At present, the maximum grant is expected to be $100,000; the smallest grant will be $750. At present, the business will need to show a 25% loss between 2019 and 2020 to qualify.
However, because legislators could not anticipate the number of grants which will be received and because the funds must be expended by Dec. 30, District 8 legislators are encouraging businesses to apply even if they cannot show a 25% loss. The parameters of the grant may change after applications are processed, but a second application window will not be opened.
"When in doubt, apply," Crabtree stated several times. In response to a question following his presentation, he added, "It doesn't cost anything to apply."
The application window will be short. At present, it is expected to be Oct. 13-23. However, since the governor's office is negotiating with an outside company to process applications, that has not been confirmed, according to Gross.
Applications will be made on-line and will require businesses to provide income and cash expenses for March 1 to Aug. 30, 2019, and income and cash expenses for that same period in 2020. Businesses will also be asked to provide information about other federal funds received, such as those received through the Small Business Administration's Paycheck Protection Program.

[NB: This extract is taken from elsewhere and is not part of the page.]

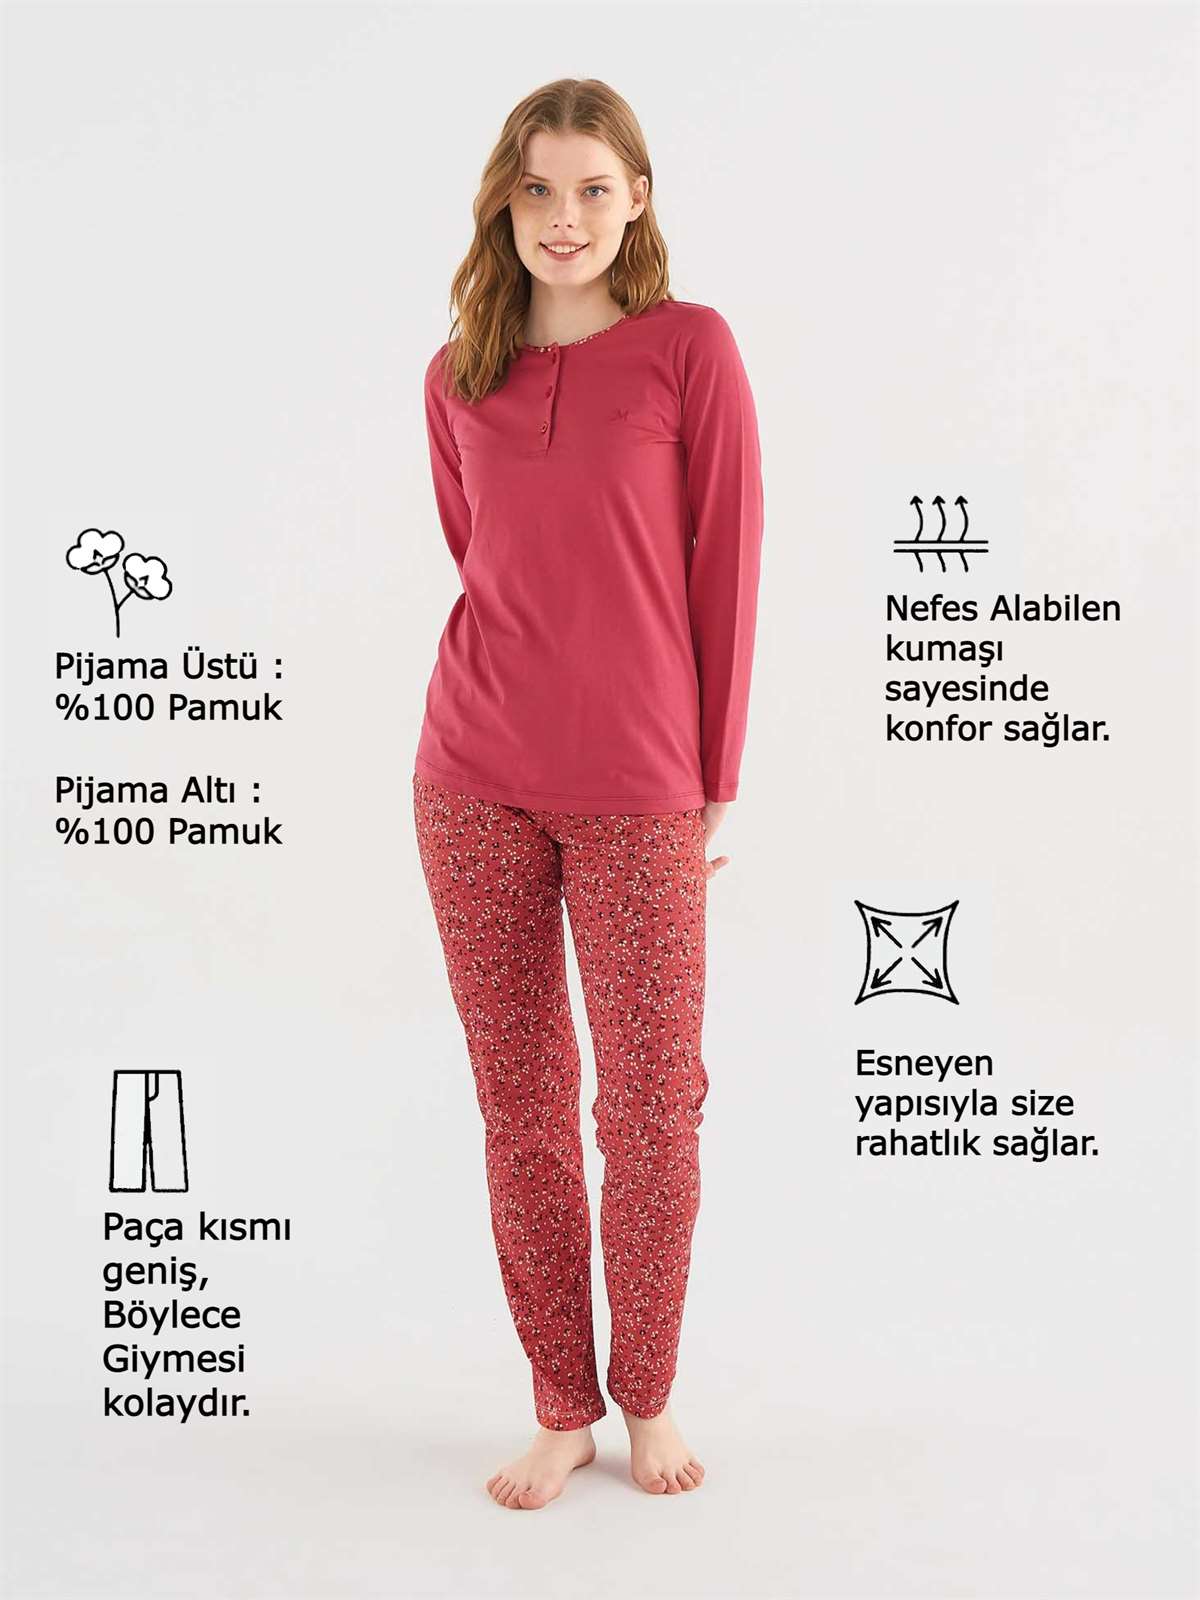 Mod Collection Patlı Pijama Takımı | Pijamanya.com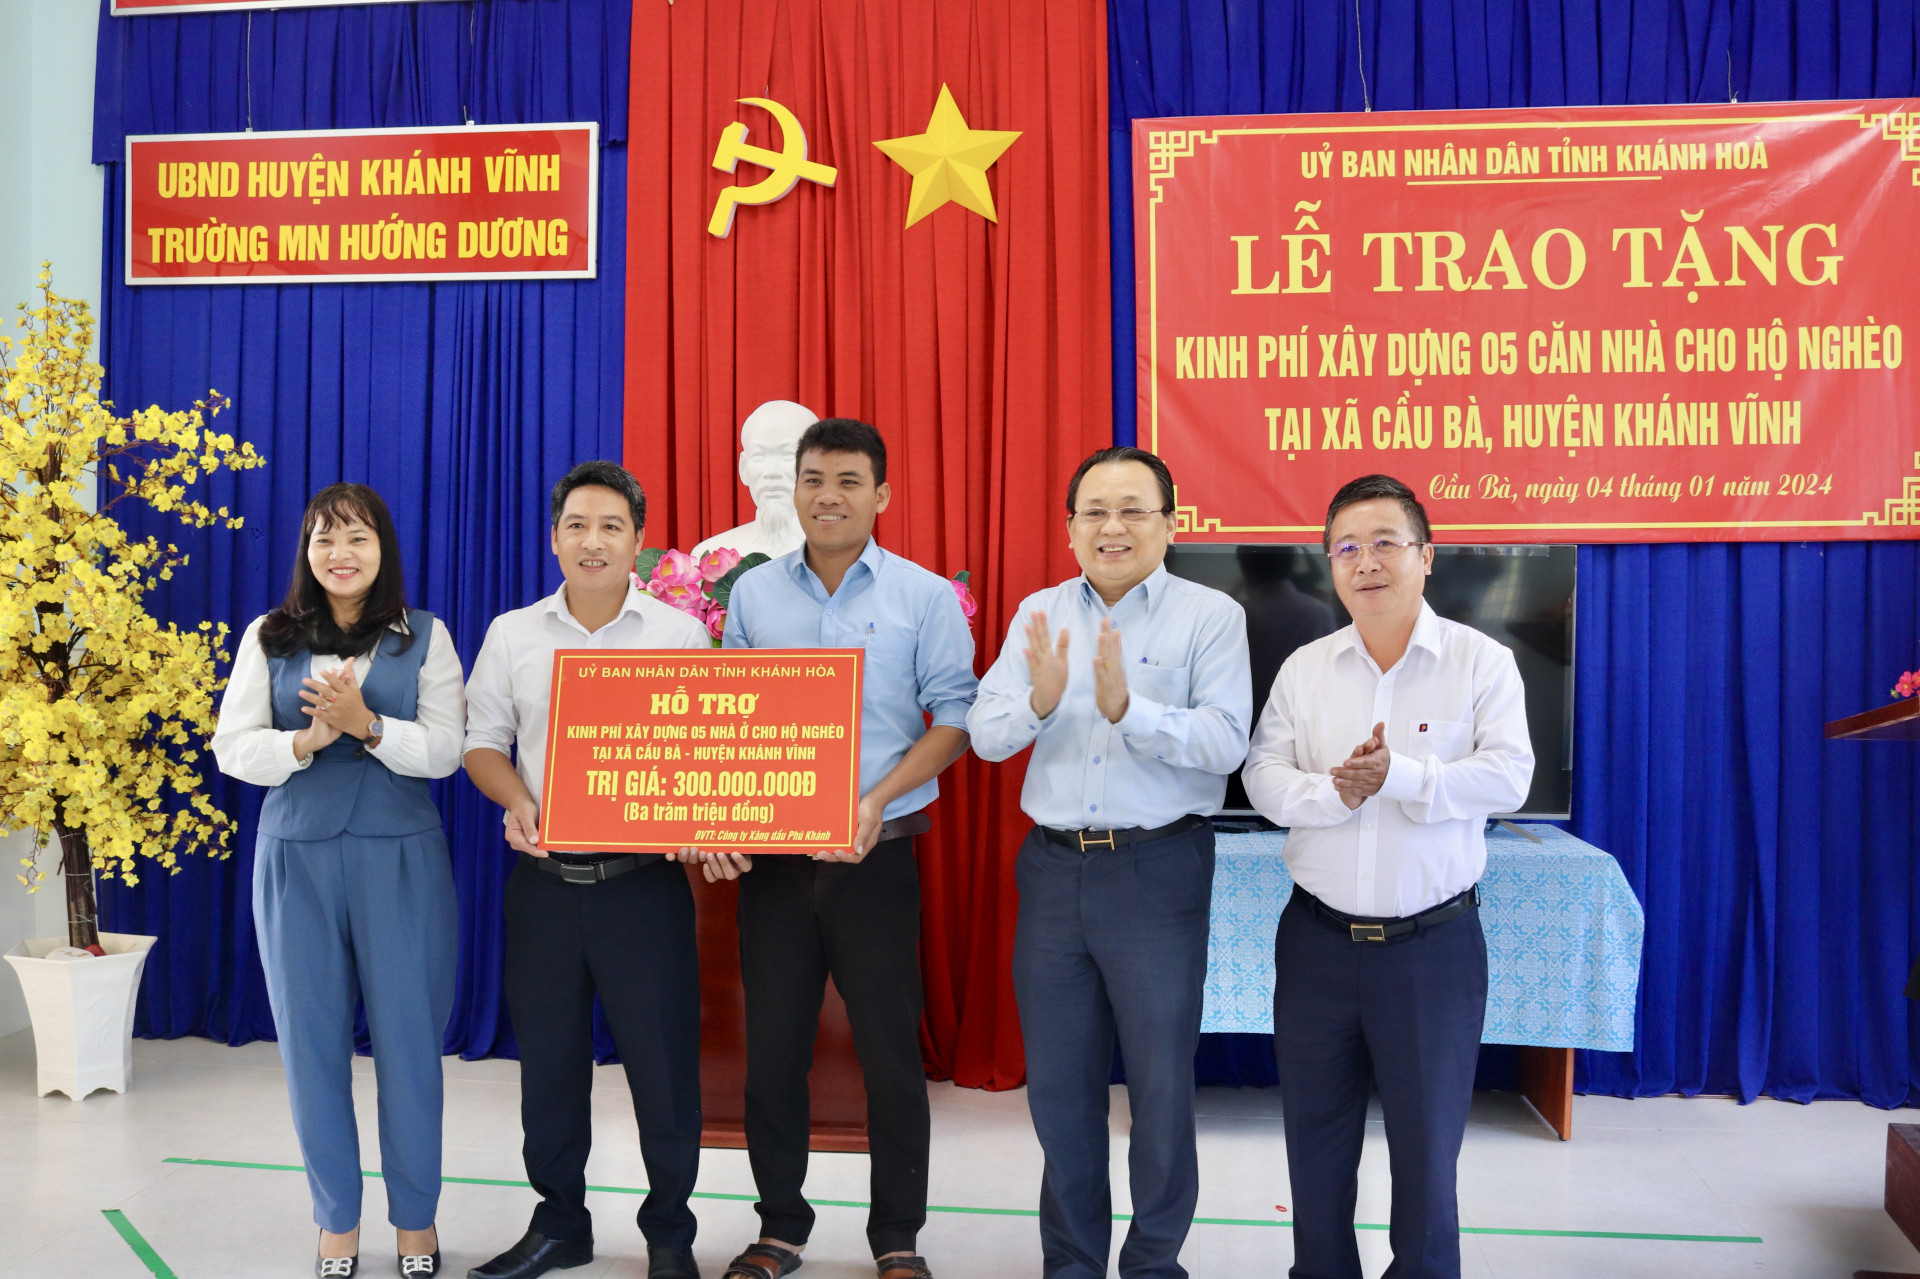 Ông Lê Hữu Hoàng cùng lãnh đạo: huyện Khánh Vĩnh, xã Cầu Bà, Công ty Xăng Dầu Phú Khánh trao kinh phí hỗ trợ xây 5 căn nhà cho người nghèo.

"There is help available for those who need it. We want you to apply," Crabtree said.
Guidelines for non-profits and new businesses are somewhat different, but the application process will be the same, according to Crabtree.
"This is not meant to exclude anyone," Gross said, encouraging farmers to apply, but also noting that businesses that closed their doors were not eligible for grant funding.
In concluding remarks, Gross emphasized that legislators were making best-guess decisions in developing the programs. He emphasized that they will be adapted as needed to the circumstances.
"If there's money left over, we want to get it out," he said.
A YouTube video with the full discussion is available on social media platforms for both LAIC and the Chamber. Fosheim and Hortness said their offices will be available to answer questions about the small business grants.